C Compiler Intro

Introduction

This will be an adventure to document. I wrote the C compiler over the course of a couple of months in 2024. It was a fast-paced situation, and I wasn’t thinking about documenting my work. I do, however, have a tendency to comment my personal code quite a lot. It’s a force of habit.

So now I will try to piece things together, but be forewarned that there were a lot of things that I had to figure out that I wrote down on paper. With a pencil! And those pieces of paper are lost. And I probably forgot some of it too.

This will be the first post of several as I try to piece together the 3600 lines of code that comprise the compiler for my C(ish) language. Wish me luck.

The Parts of a Compiler

Maybe this section should be title the parts of the Cish compiler. Not all compilers are the same. Maybe if you follow the dragon book, but Cish does not. In any case, here are the two main steps of the compiling process:

Showing code going into compiler to assembly which is in turn assembled into machine code

This is where some pedantry may enter the conversation because you’ll note that compilation is actually just one step in the “compiler”. This is a fairly common way to describe things though. Most people mean “compile and assemble” when they use the word “compiler”. However, these are often two distinct programs, even in many common real C compilers.

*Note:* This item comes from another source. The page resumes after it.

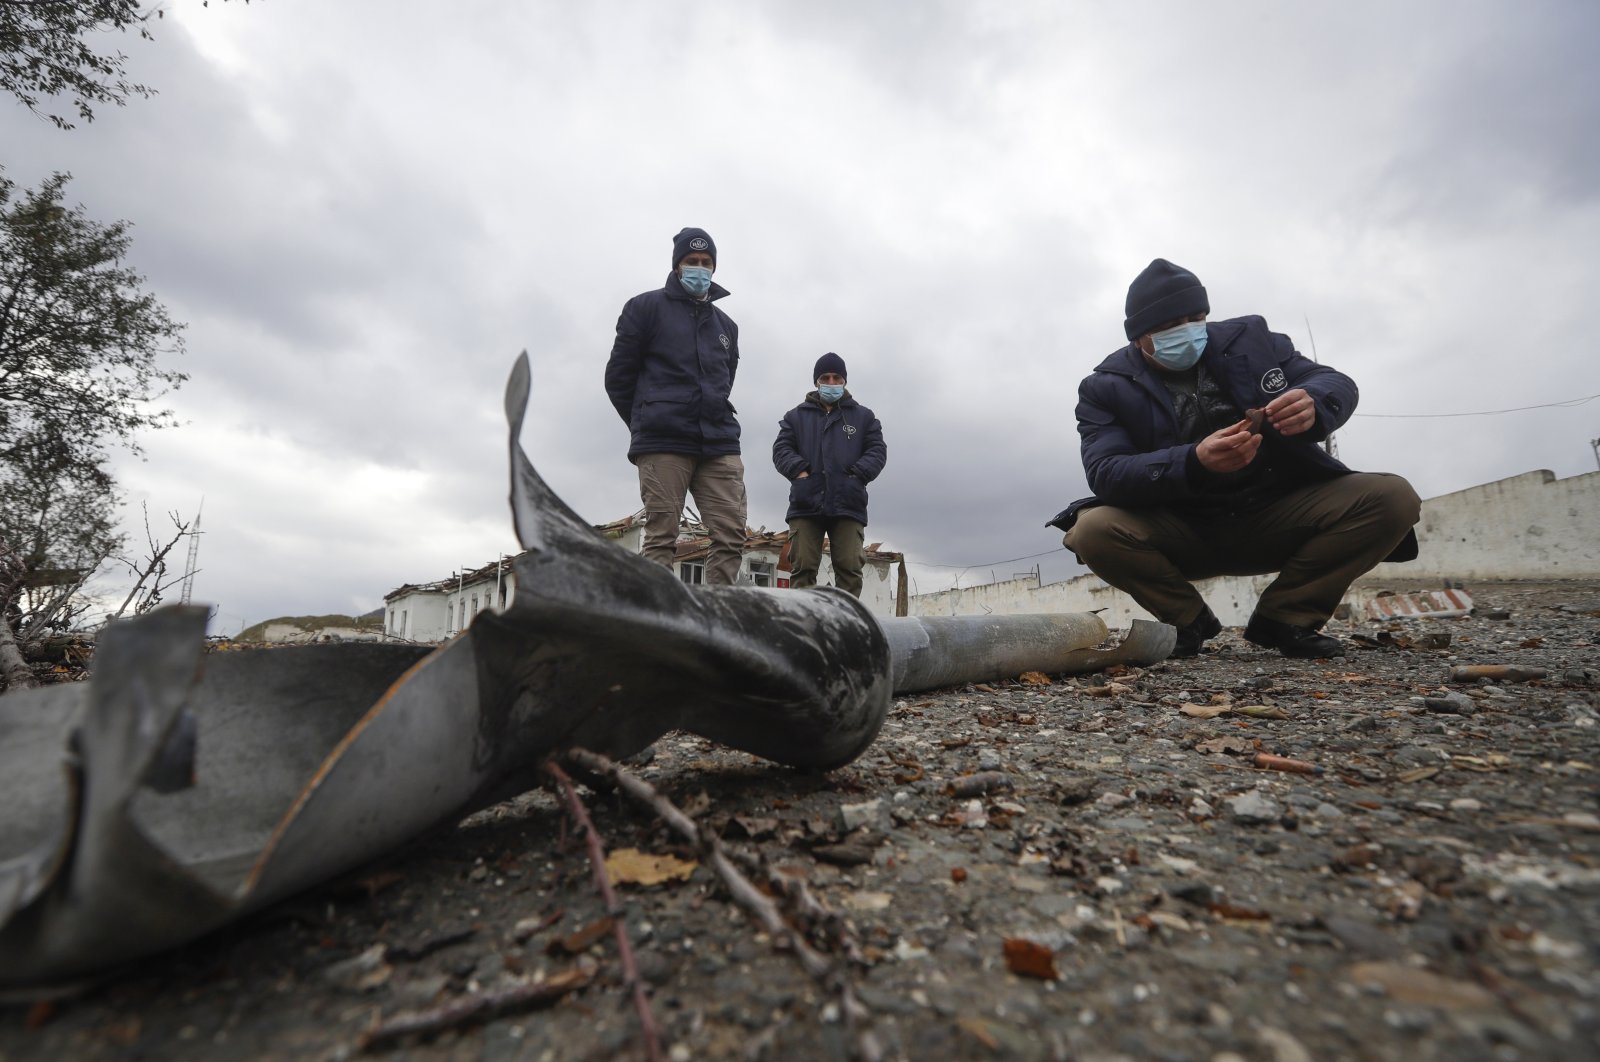 Members of the survey team from Halo Trust mine-clearing organisation examines unexploded items at an damaged ammunition store near Aeygestan, on the outskirts of Stepanakert, the capital of the separatist region of Nagorno-Karabakh, Nov. 23, 2020.  (AP Photo)

At the end of the day we need to produce a sequence of opcodes that the machine that will execute our program can understand. The set of opcodes a computer can understand is called its Instruction Set Architecture, and the Theoputer is no different. The Theoputer ISA is the only thing the Theoputer understands. It doesn’t understand C, Typescript, or English.

But it would be laborious to have to write out all of the opcodes by hand all the time. Yes you could do that. Early computers even required that. But that soon becomes not just laborious, but almost completely unmanageable.

The next-best thing to writing out opcodes is writing their shorthand versions, which are closer to a familiar language to humans. You can even see these shorthand versions in the current Theoputer ISA (column 5).

Converting from those shorthand versions to the opcodes is very straightforward, and that is the job of the assembler. You can read a lot more about the Theoputer Assembler in the dedicated post.

But once again eventually it becomes too burdensome to write out all of the assembly and manage the control flow between it. Well that’s not entirely true. There are some wizards out there who code in assembly exclusively. Especially for parts of systems that need to be heavily optimized. But it’s very uncommon and for almost all cases it is completely overkill.

Instead most programmers write and manage their programs in a “higher-level language” which gets converted into assembly and then assembled into machine code.

Why So High?

It’s worth motivating why higher level languages are so useful. After all, if you’ve read about the Theoputer Assembler you may start to think that the juice isn’t worth the squeeze for writing a full blown compiler given how simple an assembler is.

Apart from how much easier it is to follow and maintain higher-level language code, there is another critical reason for compilers: versioning.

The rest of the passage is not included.